◆ **TASK PROMPT**
Make an exact transcript of the lines in the data below, starting with the one containing "3 Dillmans Press Release.jpg" and going on through the one containing "Anboto peak by Eneko Guerra", with both included and the pictures left out.

◆ **GIVEN RECORDS**
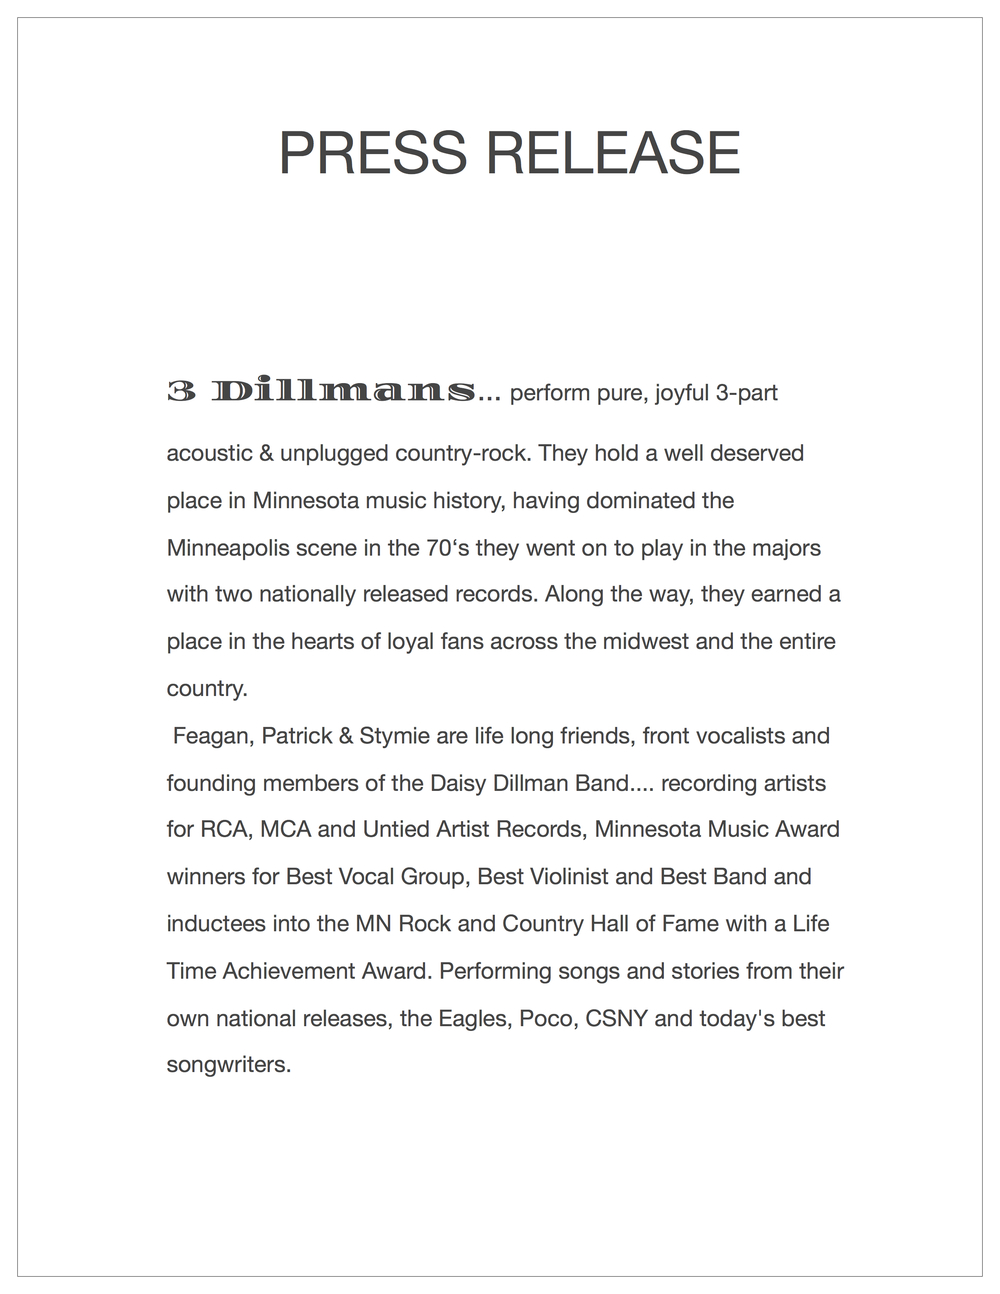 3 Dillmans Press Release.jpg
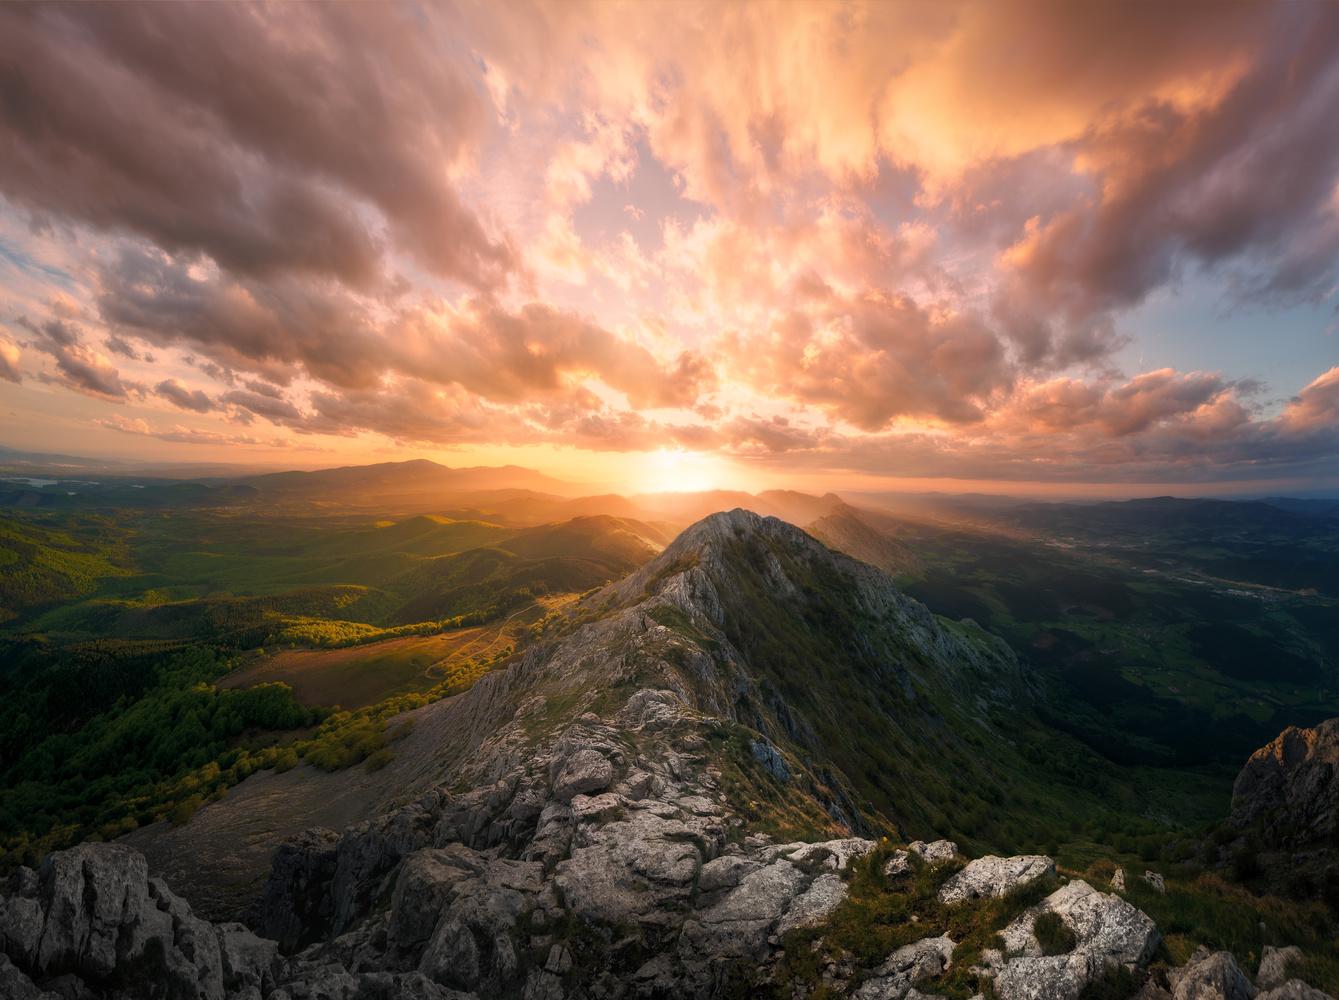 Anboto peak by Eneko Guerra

* * *

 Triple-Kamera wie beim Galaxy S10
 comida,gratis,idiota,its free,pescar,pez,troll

◆ **RESPONSE AREA**
 3 Dillmans Press Release.jpg
 Anboto peak by Eneko Guerra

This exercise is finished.